Tout dépend de la manière dont la transition est gérée. La première priorité, nous avons l’alignement des leviers que j’évoquais et la réduction des coûts de déplacement. Par exemple, si nous réduisons la distance, cela réduira le coût du transport. Si nous utilisons plus souvent un vélo ou si nous conduisons une voiture, cela coûte moins cher qu’une voiture particulière. Cependant, si nous optons pour des voitures qui consomment moins d’énergie, plus conscientes, moins chères à acheter et à utiliser.

Aussi, les personnes les plus vulnérables sont celles qui se retrouvent dépendantes de la voiture avec de faibles revenus. Si nous sommes très fiers de la transition énergétique, ils en seront les principaux bénéficiaires.

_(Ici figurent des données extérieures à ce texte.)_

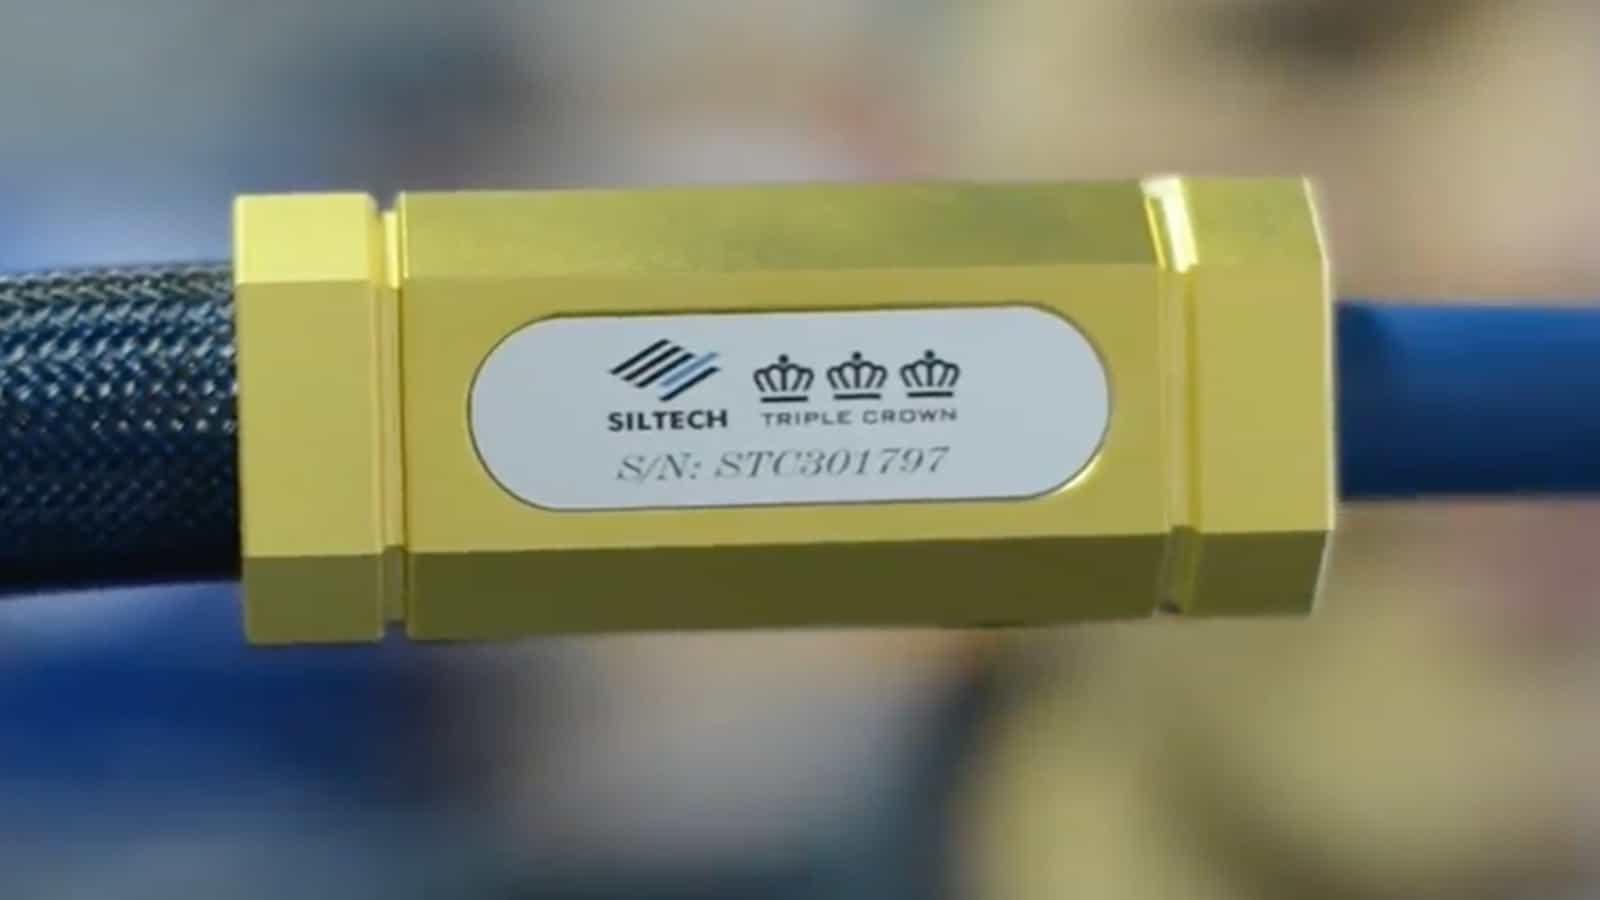 siltech-triple-crown-power-cable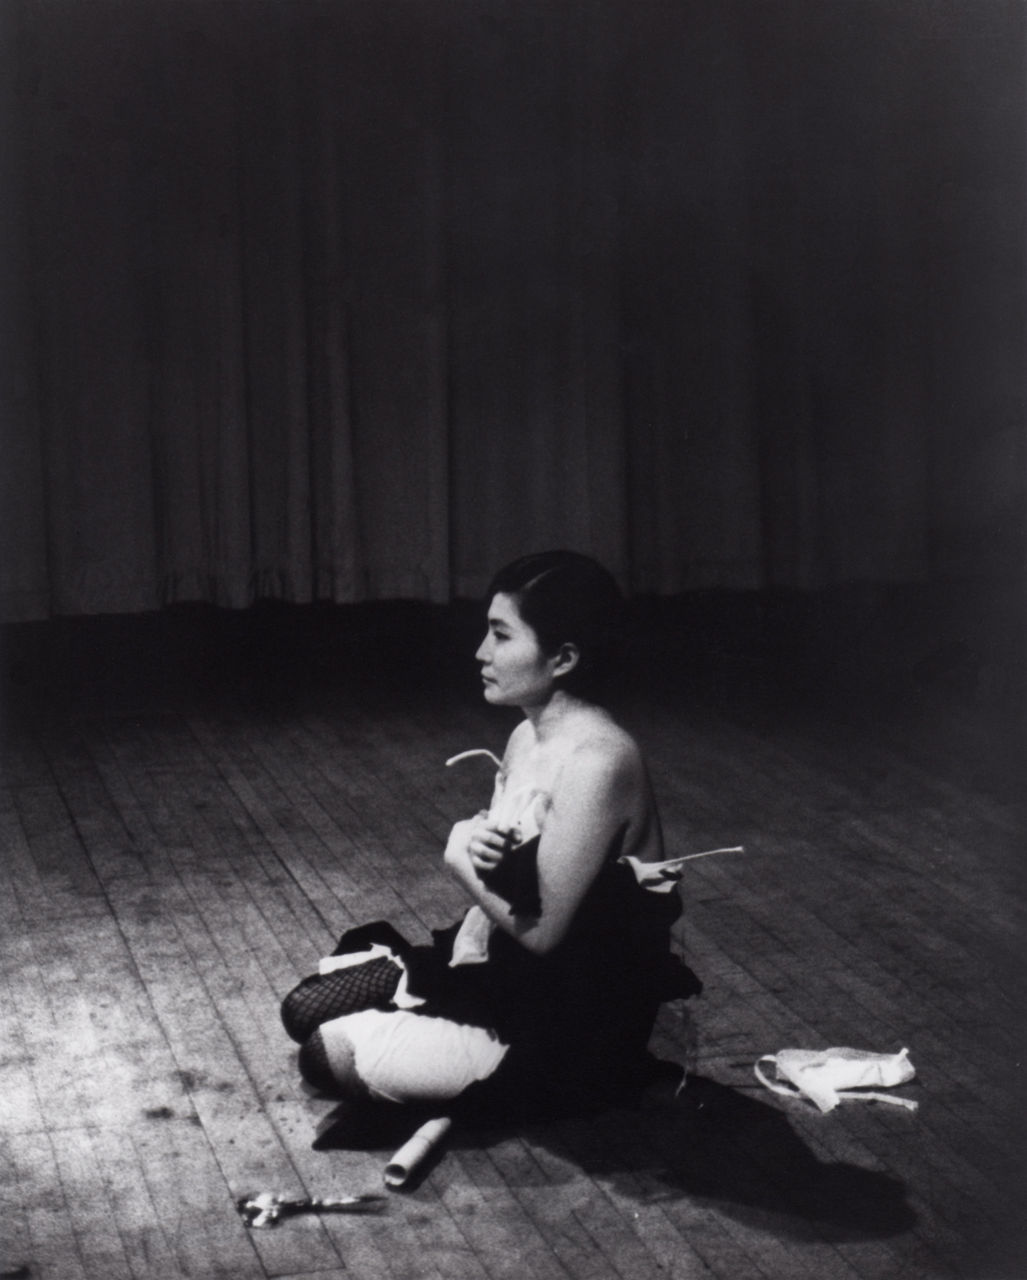 Yoko Ono: One Woman Show, 1960-1971 at MoMA New York

Pensez-vous que la pénurie de carburant pourrait avoir un effet permanent sur notre flux actuel ?

Tout dépend de la durée de la pénurie. Il y a eu de nombreux problèmes comme celui-ci, mais malheureusement il n’y a eu aucune conséquence pour la négligence de notre système de transport. Il suffit de comparer le Covid-19 à un problème de longue durée qui aurait pu faire réfléchir : les aménagements cyclables temporaires par exemple. Cependant, nous voyons que les schémas de mouvement sont revenus à la normale. Après quelques jours de stress, je ne m’attends pas à ce qu’il en soit autrement.

En revanche, ce qui change par rapport au Covid, c’est que cette pénurie est immédiatement impactée par le carburant. C’est une incitation naturelle à tout ce qui va dans le sens d’une réduction de la consommation de pétrole. En comparaison, Covid n’aimait pas la voiture ou les transports en commun à cause de la distanciation sociale. Mais en revanche, lors de la grève des transports en commun fin 2019 à Paris, on constate un effet durable sur la pratique du vélo.